▸ **Work task**:
Your task is to write out every line of the data exactly. Drop the pictures.

___ Data below ___

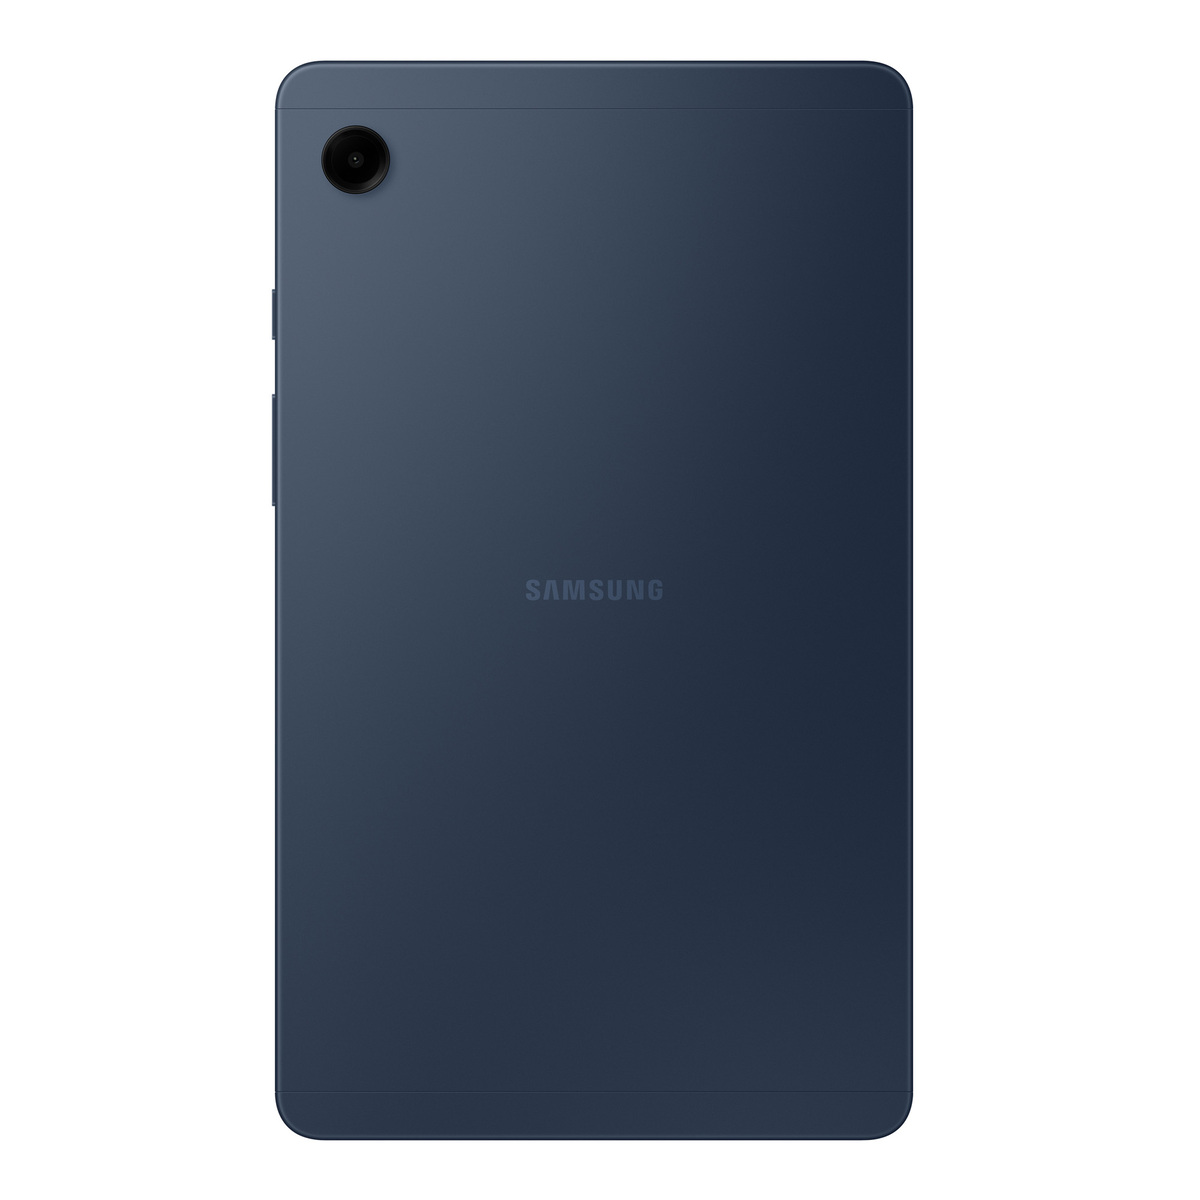 Samsung Tab A9 (4GB RAM, 64GB )
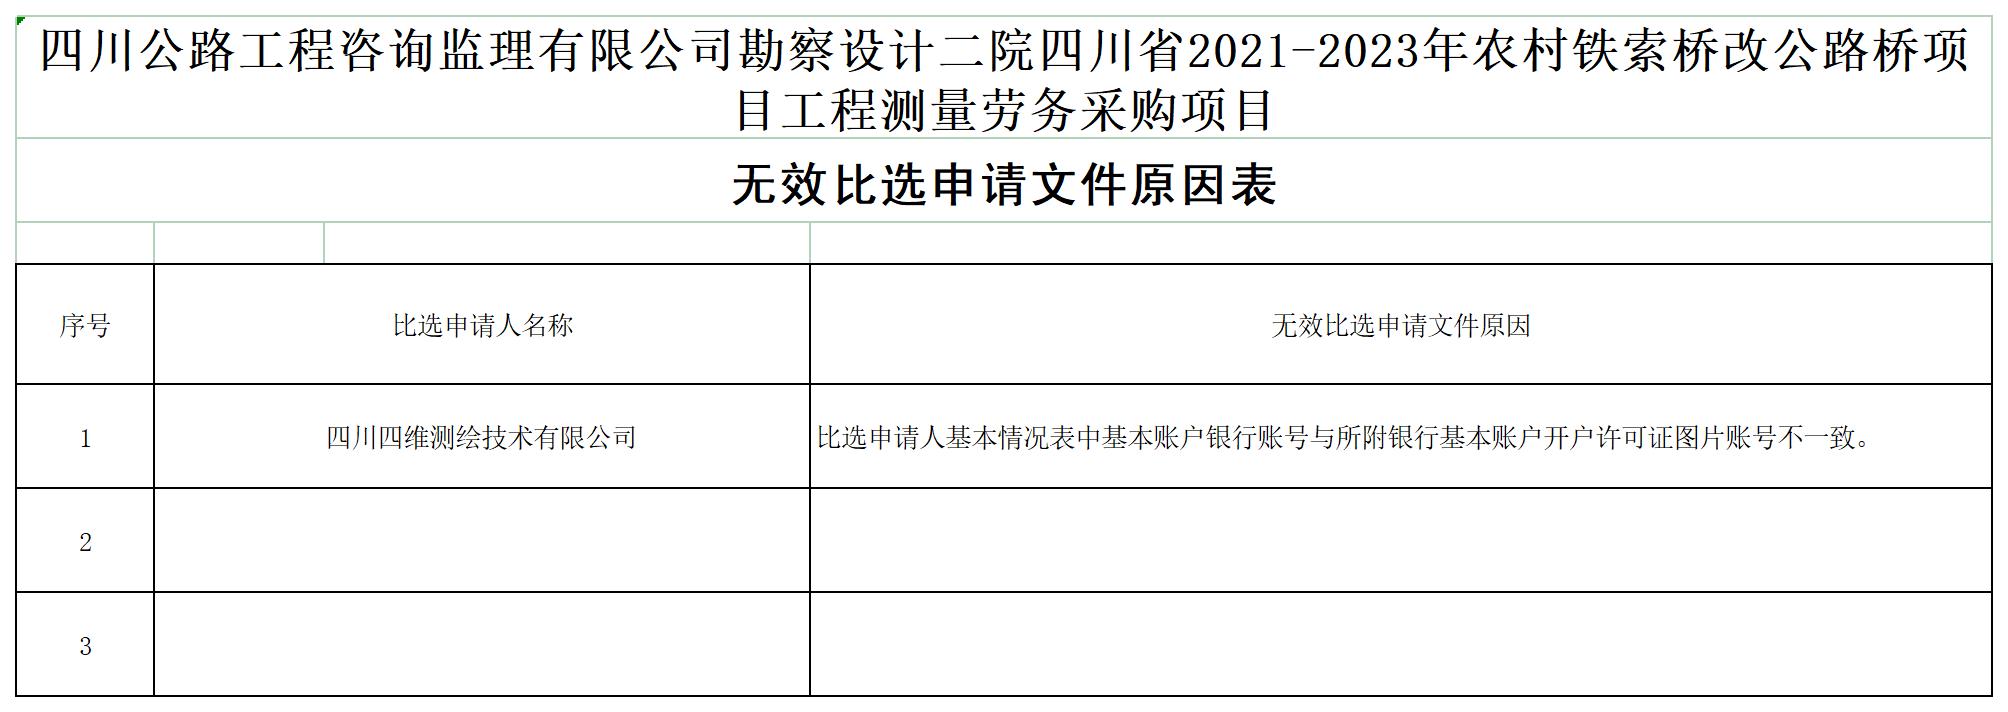 HTH华体会·(中国)官方网站勘察设计二院四川省2021-2023年农村铁索桥改公路桥项目工程测量劳务采购项目无效文件原因表_A1D7.jpg
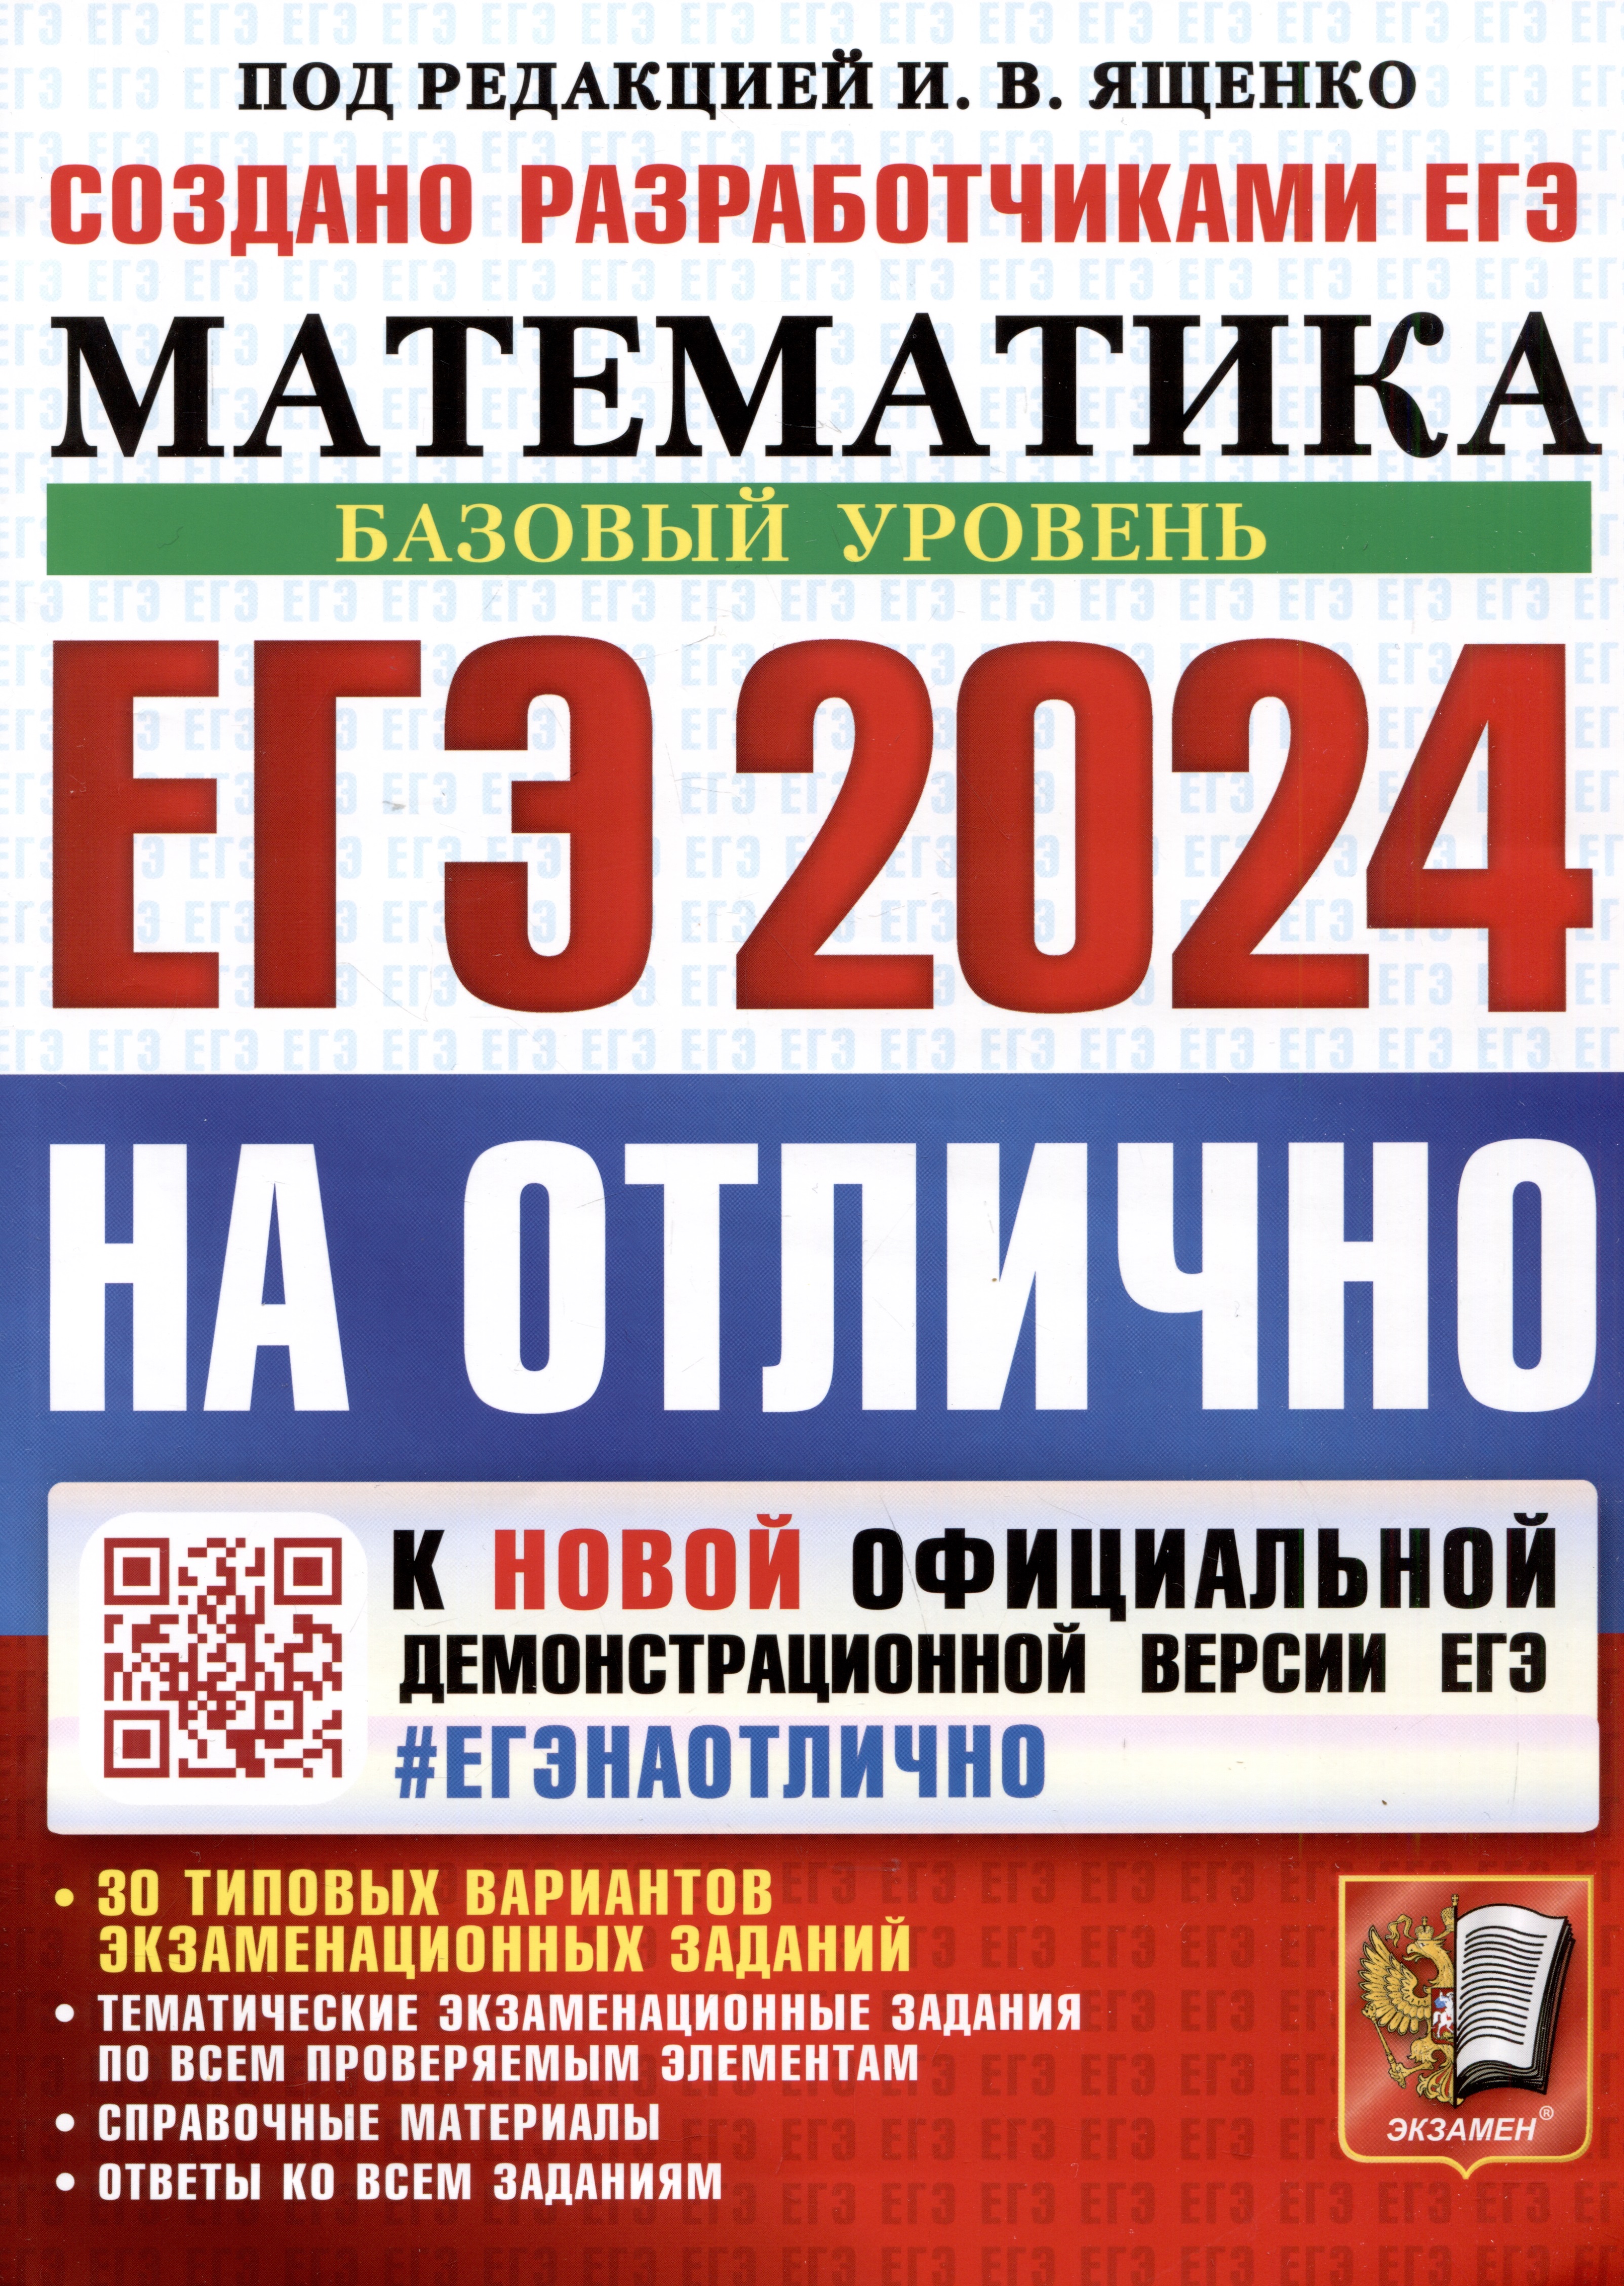 Сборник вариантов егэ ященко 2023
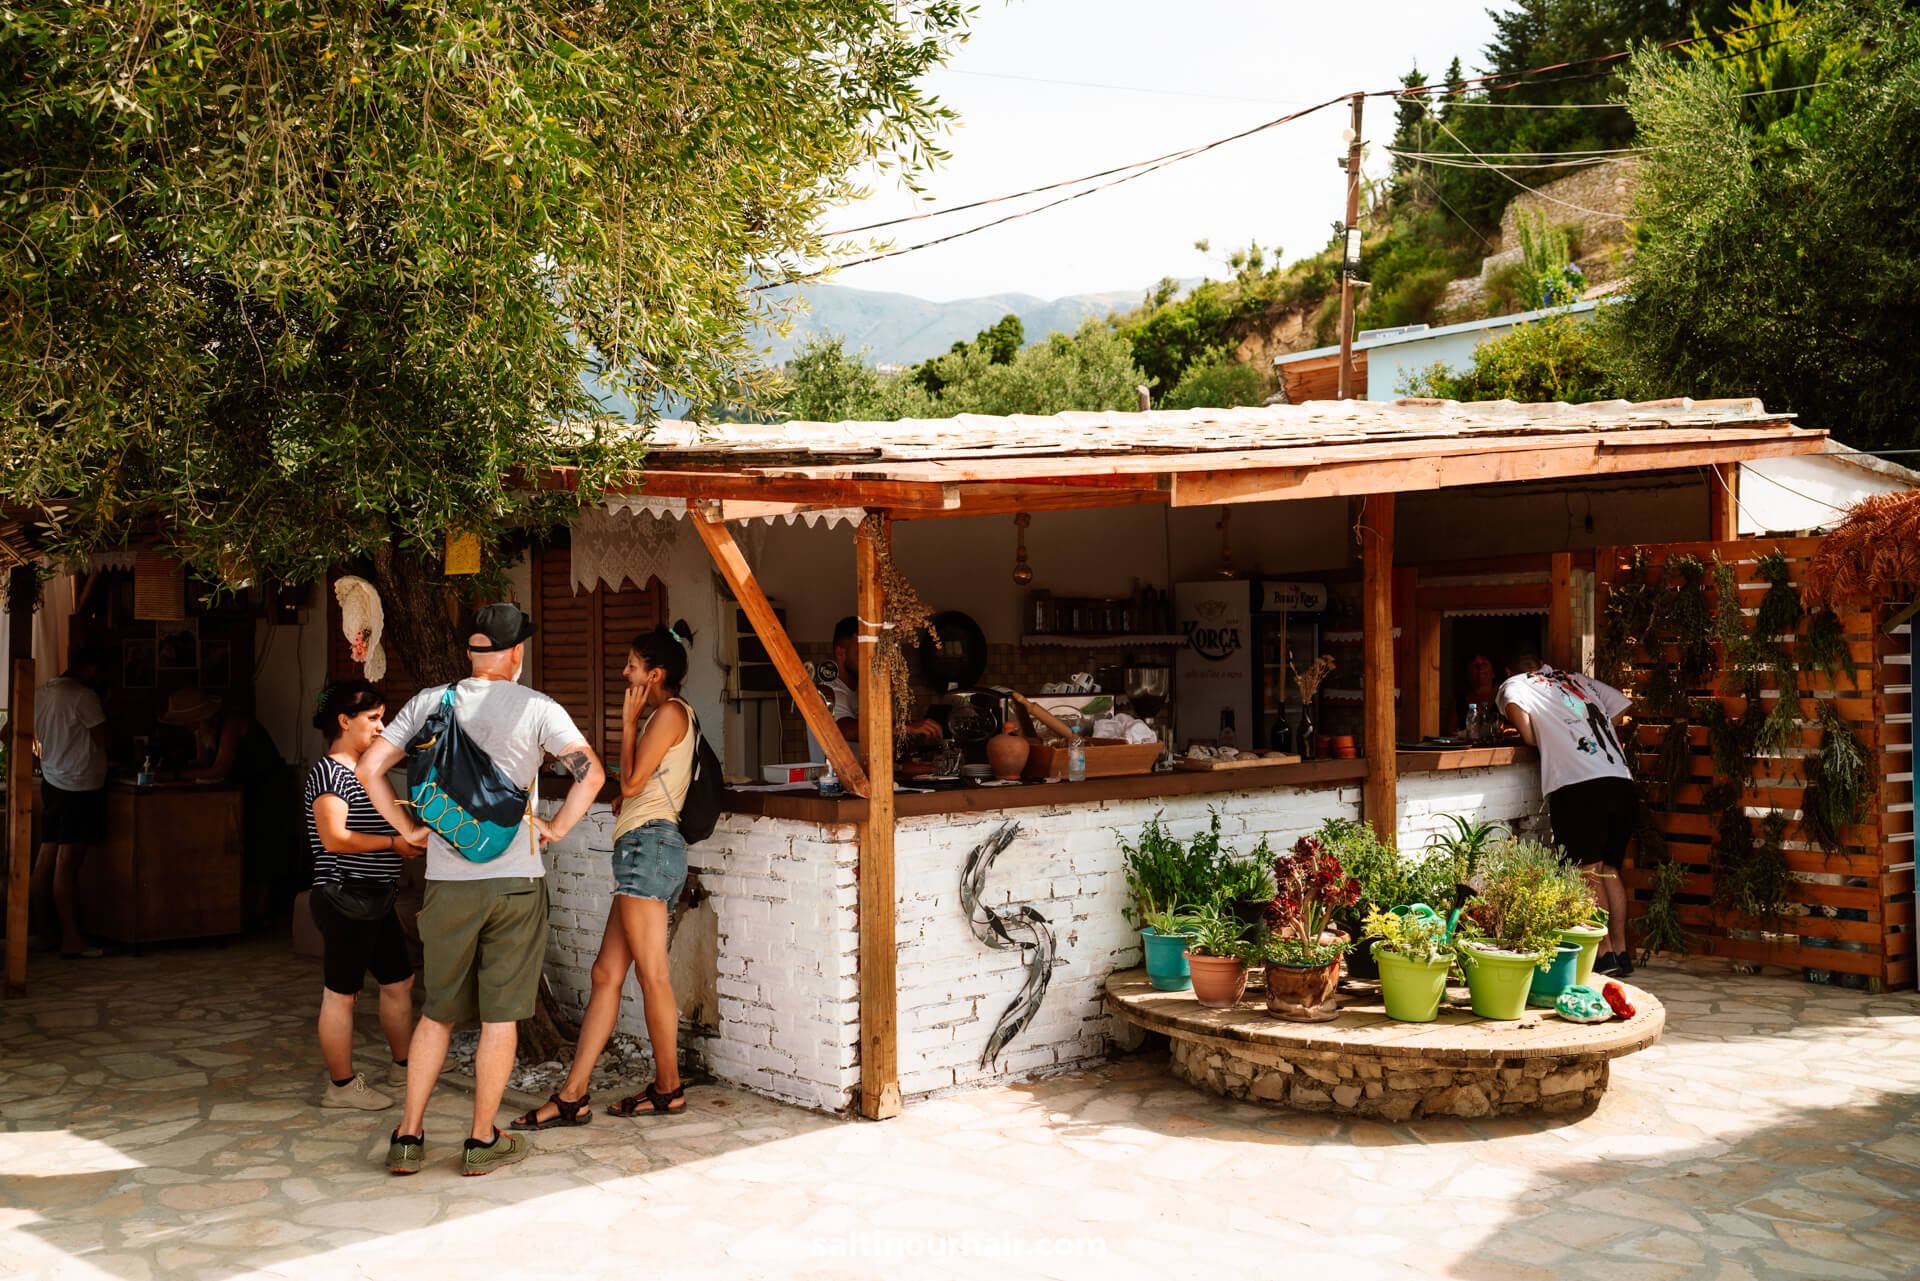 himare albaniÃ« restaurant

___

▸ **Response to this exercise**:
 Samsung Tab A9 (4GB RAM, 64GB )
 HTH华体会·(中国)官方网站勘察设计二院四川省2021-2023年农村铁索桥改公路桥项目工程测量劳务采购项目无效文件原因表_A1D7.jpg
 Сборник вариантов егэ ященко 2023
 himare albaniÃ« restaurant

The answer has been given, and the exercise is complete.